Jiang Fugen, Deng Muli, Tang Jie, Fu Liyong, Sun Hua
Research Center of Forestry Remote Sensing and Information Engineering, Central South University of Forestry and Technology, Changsha, 410004, China.
Key Laboratory of Forestry Remote Sensing Based Big Data and Ecological Security for Hunan Province, Changsha, 410004, Hunan, China.
Carbon Balance Manag. 2022 Sep 1;17(1):12. doi: 10.1186/s13021-022-00212-y.
Fast and accurate forest aboveground biomass (AGB) estimation and mapping is the basic work of forest management and ecosystem dynamic investigation, which is of great significance to evaluate forest quality, resource assessment, and carbon cycle and management. The Ice, Cloud, and Land Elevation Satellite-2 (ICESat-2), as one of the latest launched spaceborne light detection and ranging (LiDAR) sensors, can penetrate the forest canopy and has the potential to obtain accurate forest vertical structure parameters on a large scale. However, the along-track segments of canopy height provided by ICESat-2 cannot be used to obtain comprehensive AGB spatial distribution. To make up for the deficiency of spaceborne LiDAR, the Sentinel-2 images provided by google earth engine (GEE) were used as the medium to integrate with ICESat-2 for continuous AGB mapping in our study. Ensemble learning can summarize the advantages of estimation models and achieve better estimation results. A stacking algorithm consisting of four non-parametric base models which are the backpropagation (BP) neural network, k-nearest neighbor (kNN), support vector machine (SVM), and random forest (RF) was proposed for AGB modeling and estimating in Saihanba forest farm, northern China.

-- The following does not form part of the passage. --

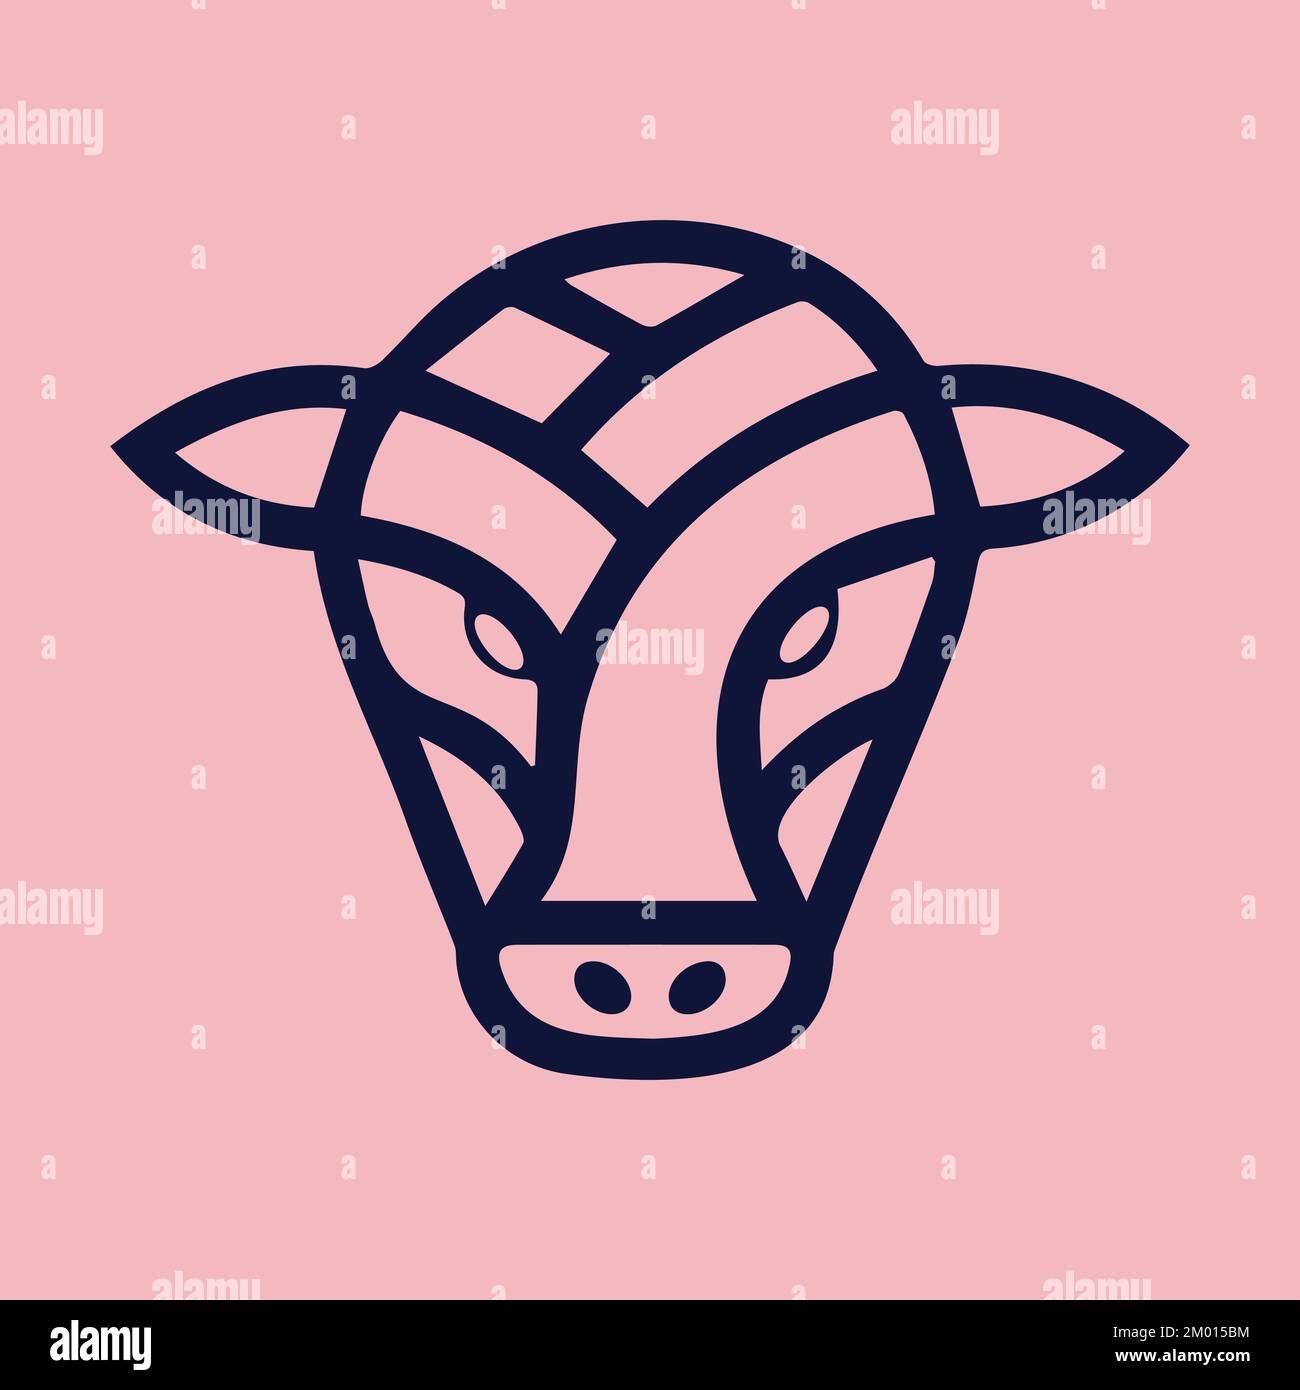 Silhouette animal head logo icon design Stock Vector

The results show that stacking achieved the best AGB estimation accuracy among the models, with an R of 0.71 and a root mean square error (RMSE) of 45.67 Mg/ha. The stacking resulted in the lowest estimation error with the decreases of RMSE by 22.6%, 27.7%, 23.4%, and 19.0% compared with those from the BP, kNN, SVM, and RF, respectively.
Compared with using Sentinel-2 alone, the estimation errors of all models have been significantly reduced after adding the LiDAR variables of ICESat-2 in AGB estimation. The research demonstrated that ICESat-2 has the potential to improve the accuracy of AGB estimation and provides a reference for dynamic forest resources management and monitoring.
快速、准确地估算和绘制森林地上生物量(AGB)是森林经营和生态系统动态调查的基础工作,对于评估森林质量、资源评估以及碳循环与管理具有重要意义。冰、云和陆地高程卫星-2(ICESat-2)作为最新发射的星载激光雷达传感器之一,能够穿透森林冠层,具有在大尺度上获取准确森林垂直结构参数的潜力。然而,ICESat-2提供的沿轨冠层高度片段无法用于获取AGB的全面空间分布。为弥补星载激光雷达的不足,在本研究中,我们使用谷歌地球引擎(GEE)提供的哨兵-2影像作为媒介,将其与ICESat-2相结合,以实现连续的AGB制图。集成学习可以总结估算模型的优点并取得更好的估算结果。我们提出了一种由反向传播(BP)神经网络、k近邻(kNN)、支持向量机(SVM)和随机森林(RF)这四个非参数基模型组成的堆叠算法,用于中国北方塞罕坝林场的AGB建模和估算。
结果表明,堆叠算法在各模型中实现了最佳的AGB估算精度,决定系数R为0.71,均方根误差(RMSE)为45.67 Mg/ha。与BP、kNN、SVM和RF相比,堆叠算法的估算误差最低,RMSE分别降低了22.6%、27.7%、23.4%和19.0%。
与单独使用哨兵-2相比,在AGB估算中加入ICESat-2的激光雷达变量后,所有模型的估算误差均显著降低。该研究表明ICESat-2具有提高AGB估算精度的潜力,为动态森林资源管理和监测提供了参考。